▸ TASK DIRECTIONS
Leave out any picture and return the remaining listing below exactly as given.

▸ COLLECTED DATA

===============

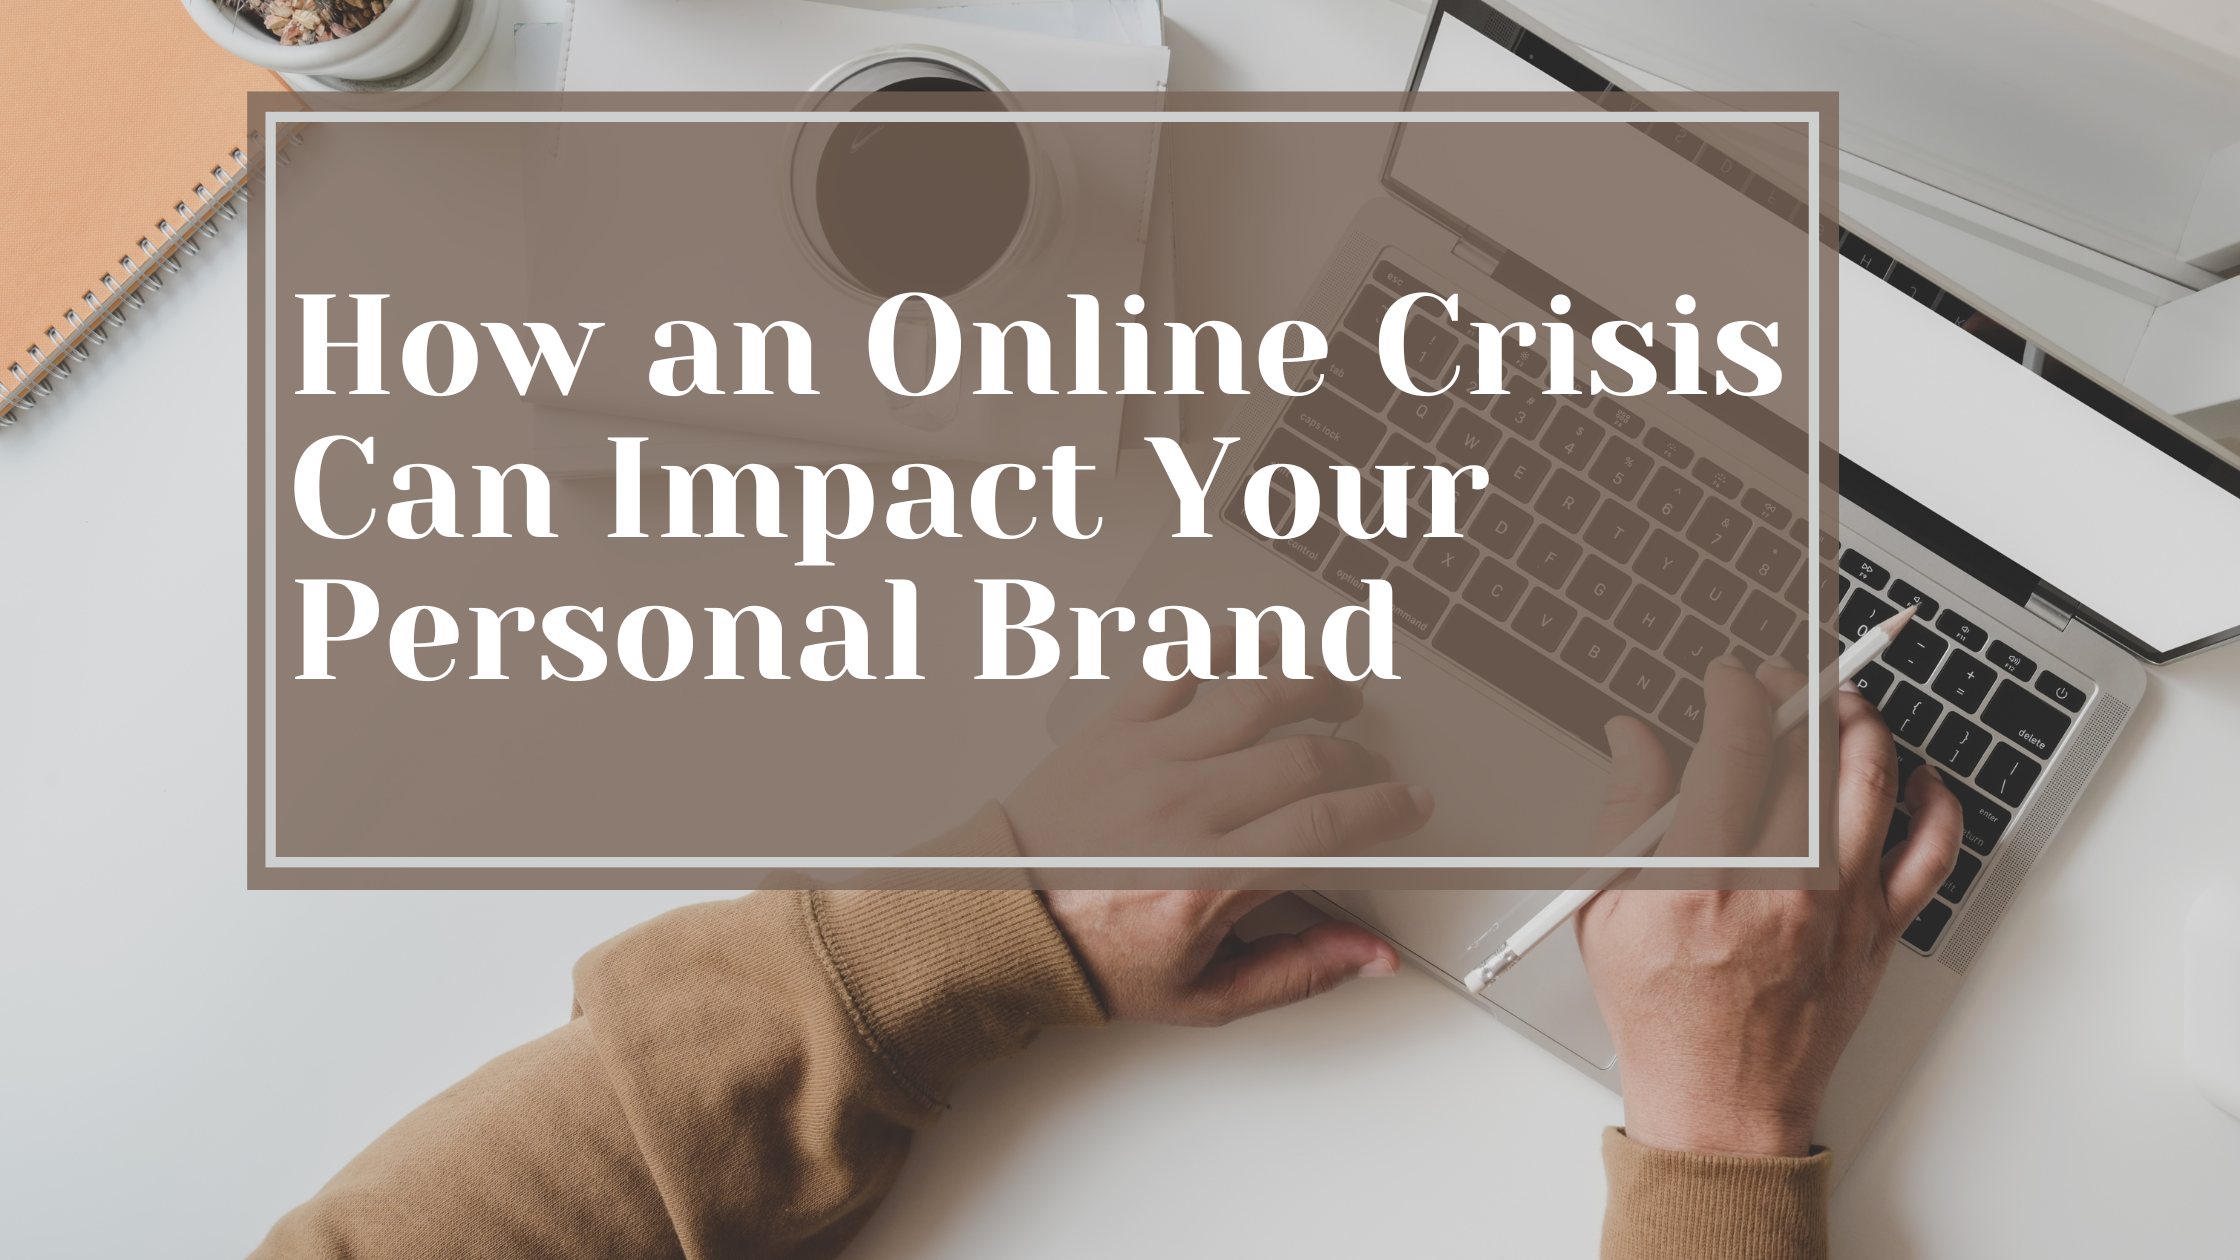 How an Online Crisis Can Impact Your Personal Brand
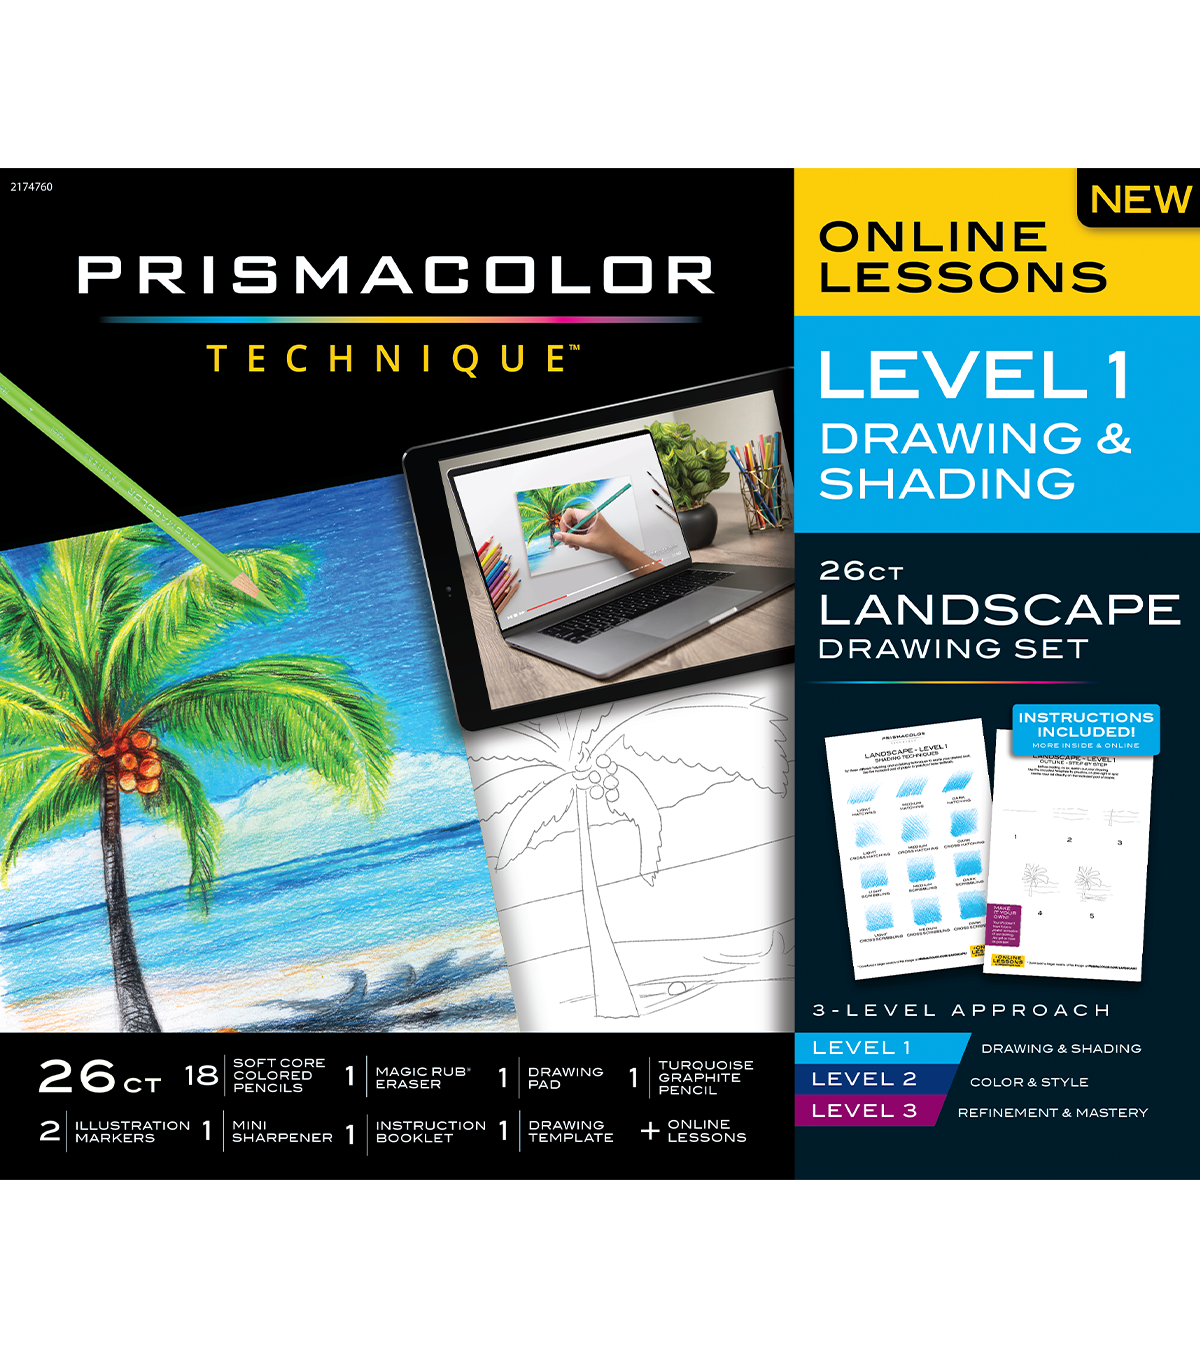 packaging for online lessons level 1 drawing and shading, 26 count landscape drawing set
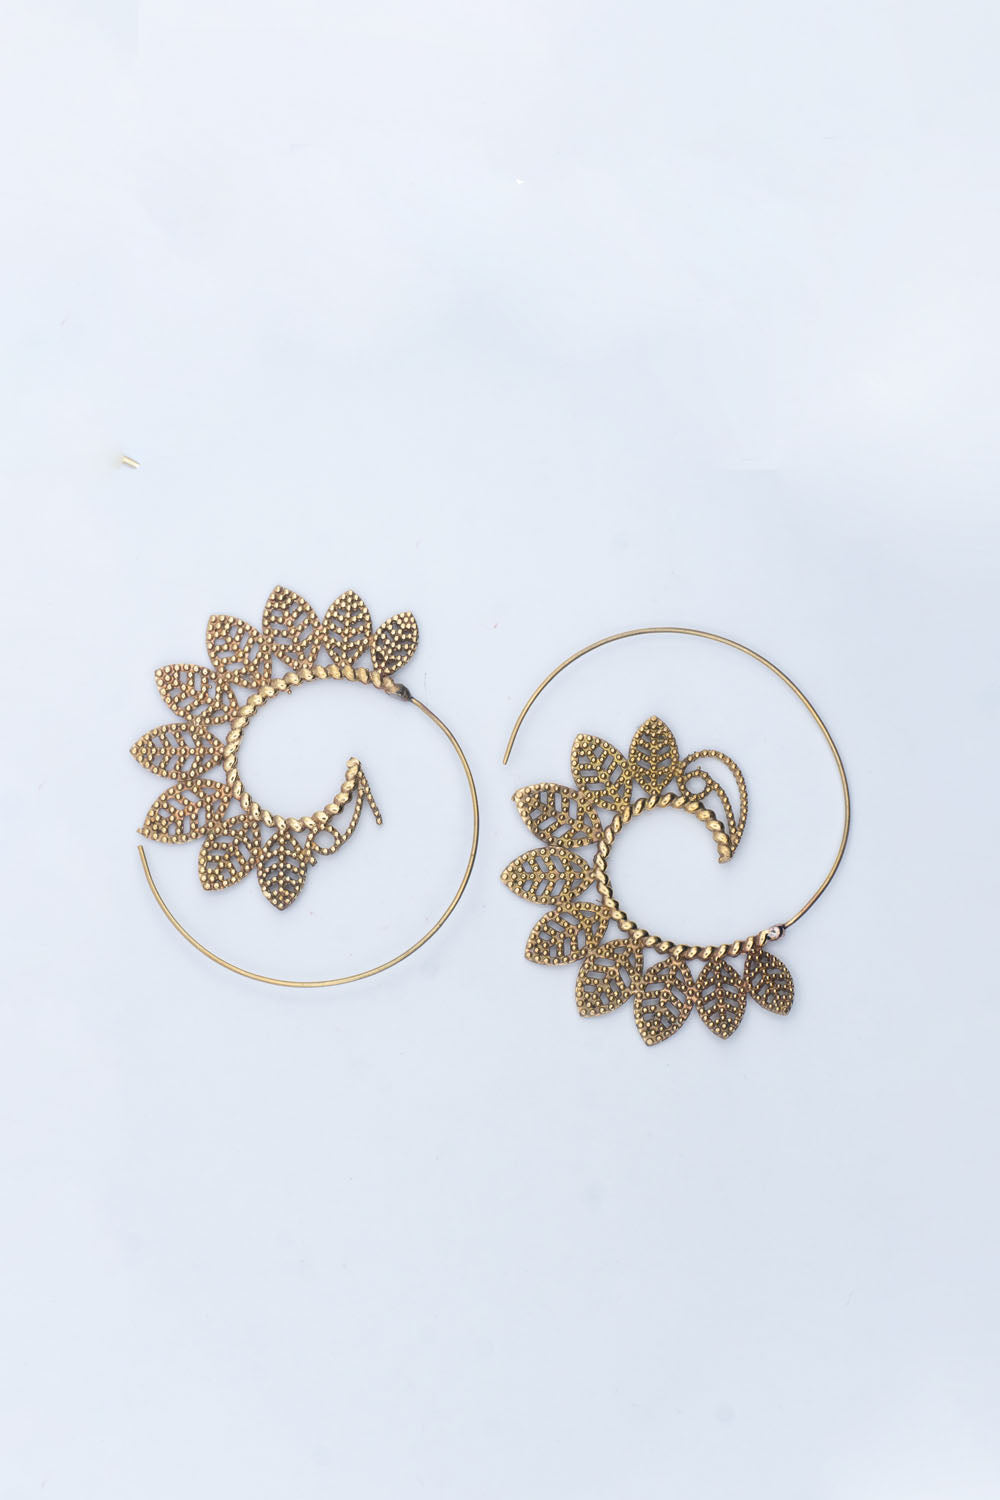 Dotted Leaf Spiral Earrings

===============

▸ RESULT OF THE EXERCISE
 How an Online Crisis Can Impact Your Personal Brand
 packaging for online lessons level 1 drawing and shading, 26 count landscape drawing set
 Dotted Leaf Spiral Earrings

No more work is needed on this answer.